Katherine Stewart has an op-ed column in the New York Times about the Supreme Court’s ruling in Greece v Galloway in which she identifies the Christian right’s long-term strategy with that and similar cases. I think her analysis is accurate, if a bit incomplete.
To understand why the case’s backers were so cock-a-hoop, you must first know something about the long game being played by the religious right. The goal is to get back to a “soft” establishment of religion in America — that is, a system in which formal guarantees of religious freedom and the official separation of church and state remain in place, but one religion is informally or implicitly acknowledged as the “approved” religion of the majority and a legitimate basis for public policy.
This was more or less the situation in the United States during the first half of the 19th century. In 1811, the New York Supreme Court upheld a conviction for blasphemy (the archetypal union of church and state) on the grounds that the state had an interest in punishing offenses to the religious sensibilities of the Protestant majority. Back then, nativist Protestants imposed their version of the Bible in public schools, while Catholics rioted in protest and placed their children in parochial schools.
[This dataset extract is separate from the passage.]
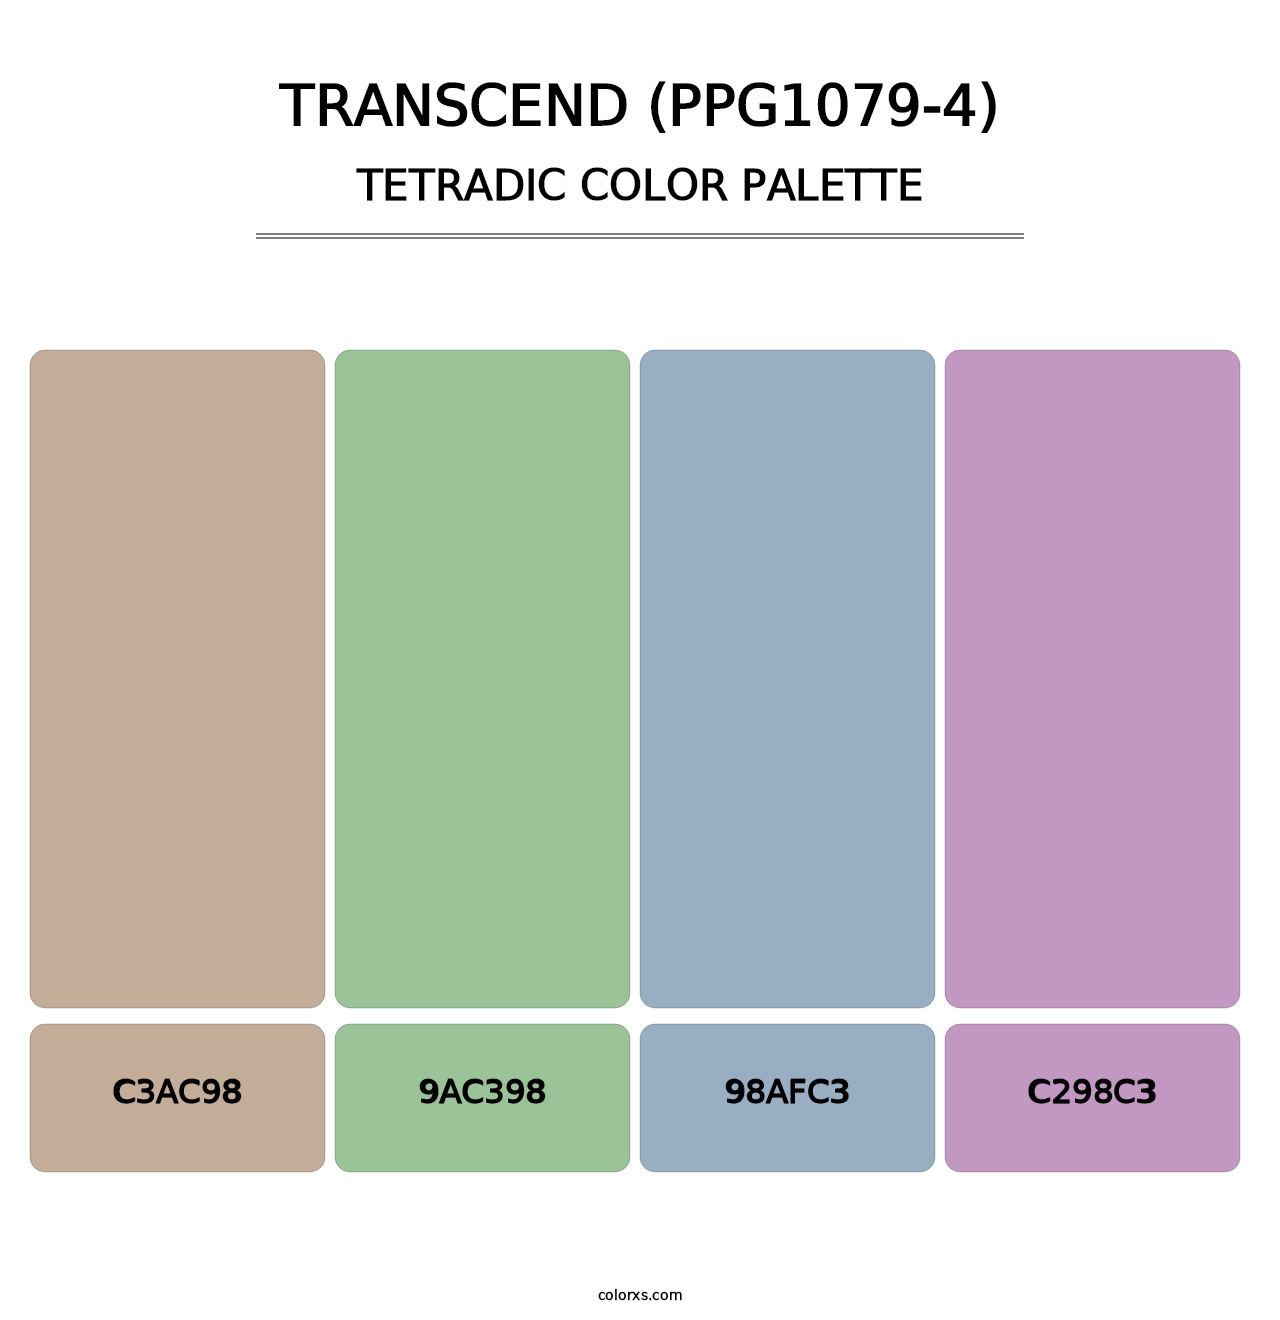 Transcend (PPG1079-4) - Tetradic Color Palette

Through the 19th and 20th centuries, however, the judicial thinking on church-state issues evolved, and the “soft” establishment became much harder to justify. The United States Supreme Court introduced the “Lemon test,” for example. Named for a 1971 case the court heard, this required that legislation concerning religion should not result in “excessive government entanglement” with religious affairs. The Supreme Court also increasingly took the view that government should abstain from any activity wherein a reasonable observer might perceive it to be endorsing religion.
Today, groups like the A.D.F. — which also represents Conestoga Wood Specialties Corporation in its challenge to the contraception mandate in the Affordable Care Act — are deeply unhappy with the reigning jurisprudence on church-state separation. It would seem that they wish to undermine the Lemon test, which they consider “burdensome,” as a staging post to restoring a soft establishment of Christianity in the United States. This is where Greece v. Galloway comes in.
I think this is true, though I would add that there are many among the Christian right that want an establishment that is not nearly so soft. The “mainstream” Christian right includes unabashed theocratic dominionists like Bryan Fischer, who claims that only Christianity is protected by the First Amendment. Like the rest of the conservative movement, the Christian right has been driven even further to the right in recent years. This is almost certainly the result of their justifiable fear that they are losing their grip on society as LGBT people gain greater equality.